En portant le salaire offert à 36,00 $/heure, le poste devient admissible au volet à haut salaire.
Toutefois, une telle modification doit demeurer conforme aux règles salariales applicables. L’employeur doit offrir un salaire équitable à celui versé aux travailleurs canadiens ou aux résidents permanents occupant un poste similaire.
Une augmentation artificielle visant uniquement à contourner les exigences du programme pourrait entraîner un refus de l’EIMT.
Lorsqu’il est possible de faire passer un poste sous le volet à haut salaire, l’employeur bénéficie de plusieurs avantages. En effet, la durée du permis de travail pouvant être obtenue est généralement de jusqu’à 36 mois. Cette durée réduit la fréquence des renouvellements.
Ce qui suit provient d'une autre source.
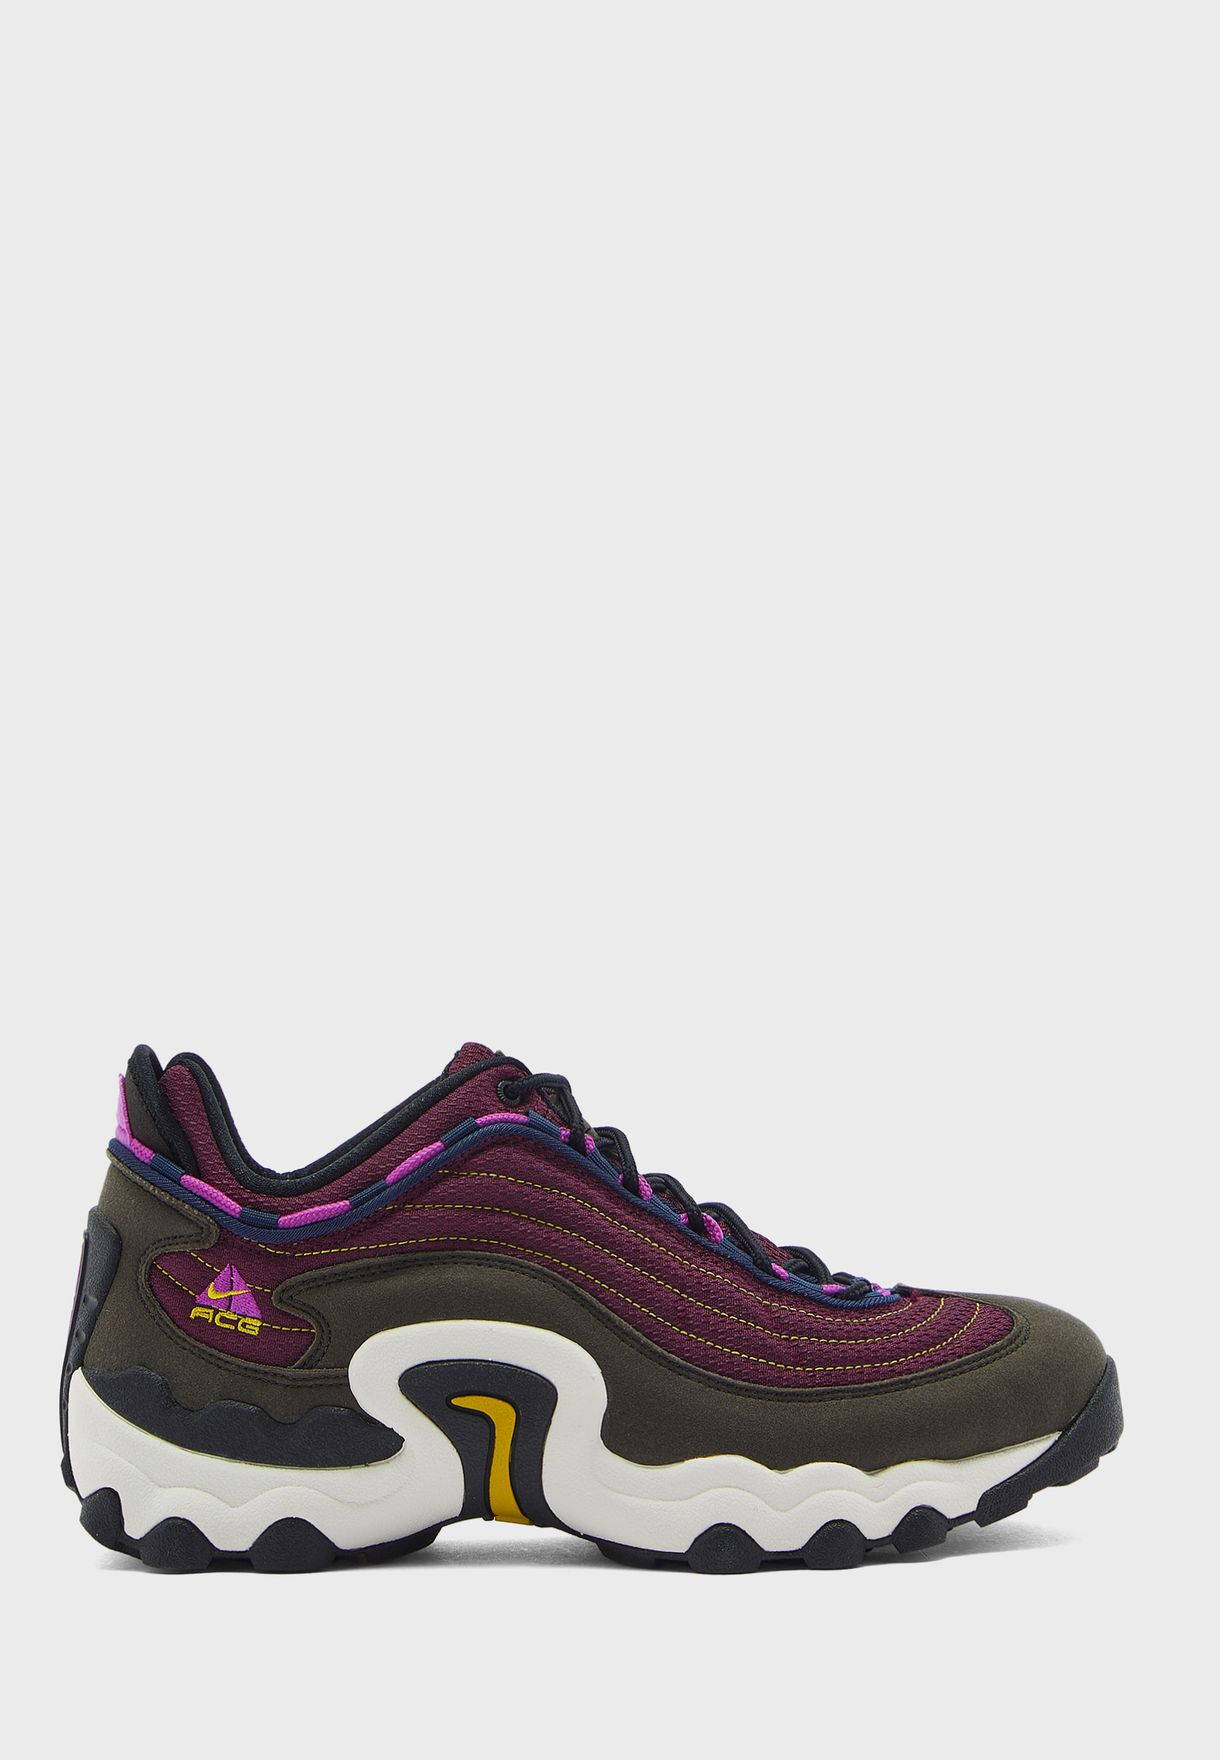 Buy Nike multicolor Air Skarn for Men

De plus, les exigences de recrutement sont moins contraignantes, avec une durée minimale des affichages de 4 semaines.
Examiner la possibilité de changer le lieu de travail
Lorsqu’une entreprise exploite plusieurs établissements, elle peut envisager la possibilité d’affecter le travailleur à un autre lieu de travail. L’employeur doit choisir un établissement situé dans une région non visée par les restrictions applicables aux postes à bas salaire.
Par exemple, un établissement situé hors d’une RMR ayant un taux de chômage supérieur à 6 % peut constituer une solution. L’employeur pourrait ainsi déposer une demande autrement impossible.
Une telle solution doit évidemment refléter la réalité des fonctions exercées et faire l’objet d’une entente avec le travailleur concerné.
Explorer les permis de travail exemptés d’EIMT
Dans certaines situations, il peut être préférable d’avoir recours à un programme ne nécessitant pas d’EIMT.
Par exemple, certains travailleurs peuvent être admissibles à un permis de travail dans le cadre de l’Expérience Internationale Canada (EIC).
D’autres travailleurs engagés dans une démarche de résidence permanente peuvent également bénéficier d’options de renouvellement de permis de travail.
Conclusion
La hausse du seuil salarial entrée en vigueur le 17 juillet 2026 a un impact direct sur de nombreux employeurs. Le nouveau seuil s’applique aux demandes d’EIMT présentées dans le cadre d’une demande initiale ou d’un renouvellement de permis de travail. Certains postes auparavant considérés comme à haut salaire relèvent désormais du volet à bas salaire, ce qui entraîne un cadre réglementaire plus restrictif.
Dans ce contexte, les employeurs ont tout intérêt à anticiper leurs démarches de renouvellement au moins 8 mois à l’avance. Ils devraient également évaluer les différentes stratégies qui s’offrent à eux.